The problem with typical approaches to scaling up data collection just take a standard flight path and do it a lot of times. This compounds error over the space it’s done in, which with really large data sets results in a notable bowl in the data due to incorrect lens calibration estimates.
There are several fixes:
- If possible, fly with a fixed lens like Sensefly’s SODA (which is a repurposed DJI, FWIW)
- If possible, fly with RTK GPS
- If possible, use a global shutter rather than a rolling shutter camera
- Flight plan with calibration in mind as follows:
With flight planning, there are two options:
One is to do periodic calibration flights, such as reviewed here: https://www.opendronemap.org/2019/12/self-calibration-of-cameras-from-drone-flights-part-3/
With a flight planners like sensefly’s or QGroundControl, you can append these calibration flights as a smaller flight area within your larger flight, and then there is a calibration flight associated with each larger flight.

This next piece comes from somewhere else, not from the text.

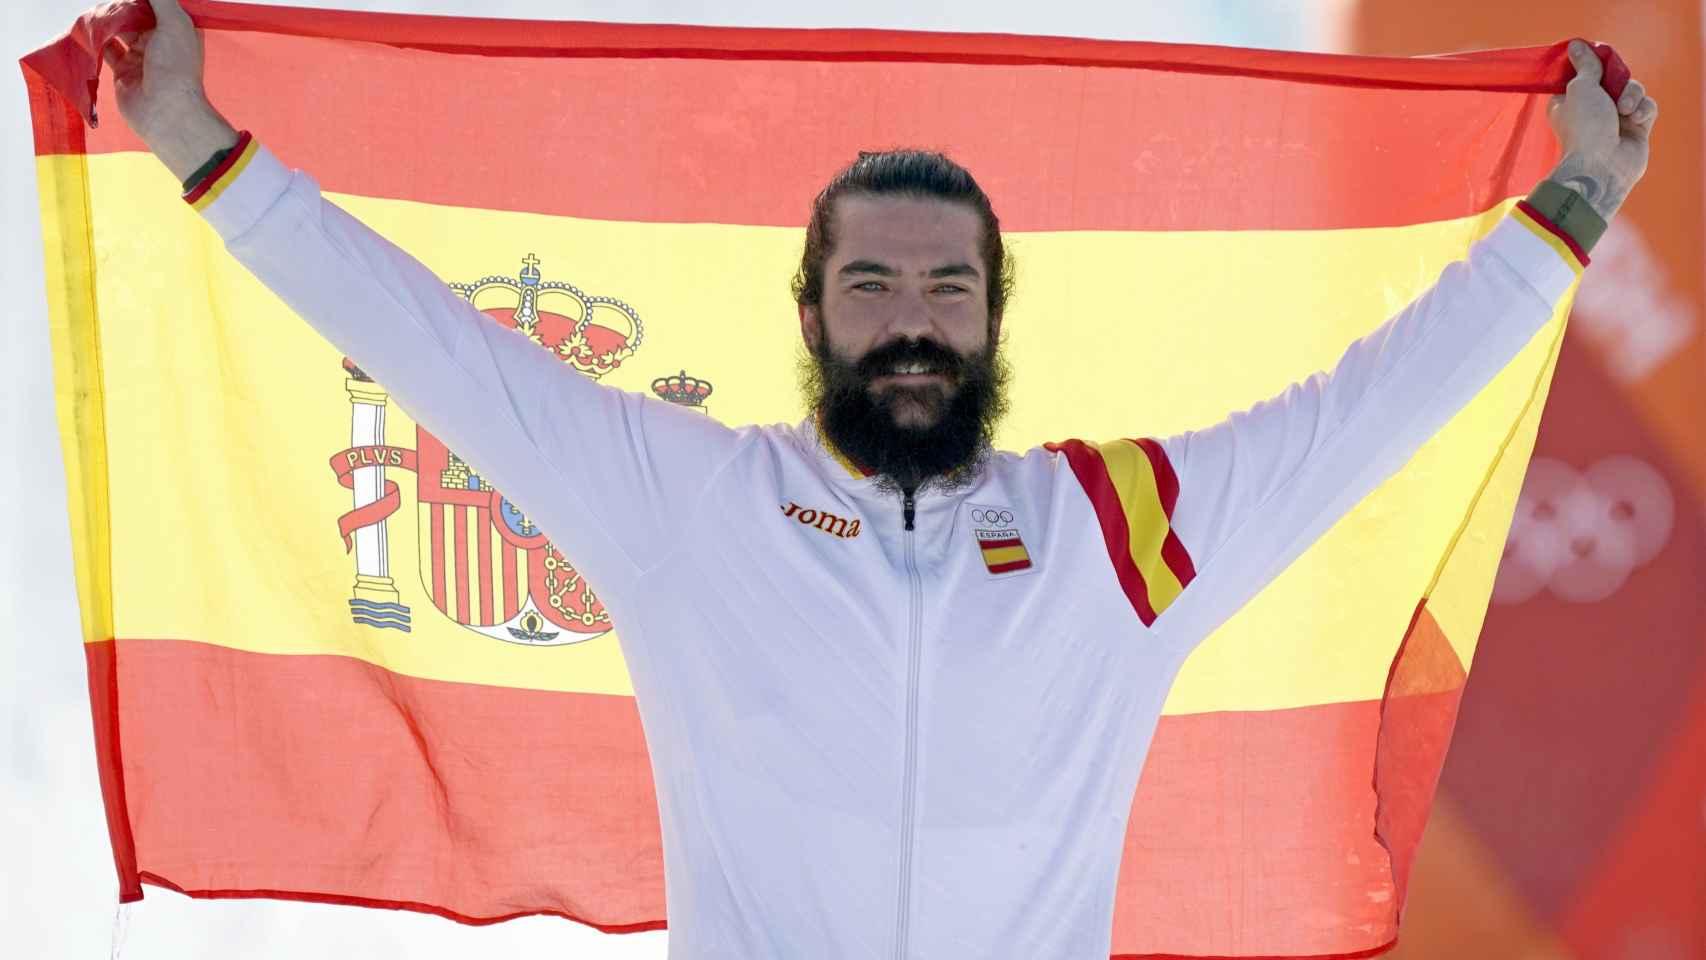 Regino Hernández, feliz, con la bandera de España tras ganar un bronce en los Juegos Olímpicos de invierno.

A simpler approach is to just vary how flight planning is done. Typical large scale flight planning is usually just more of the same as small scale flight planning like this:
Instead, rotate every other flight 20 degrees from the previous, and every other flight vary in height as follows:
So instead of having every flight with a yaw of 90 degrees, every other flight should be 80 or 100 degrees. If flying at 800 meters, have half the flights at 780 meters and half at 800 meters. Also, pitch the camera at 80 degrees instead of 90 — straight down camera views will result in self calibration problems.
Note: For simplicity of drawing the diagrams, I simply rotated each rectangular area giving triangular overlap between the flights, but the overlap can be rectangular.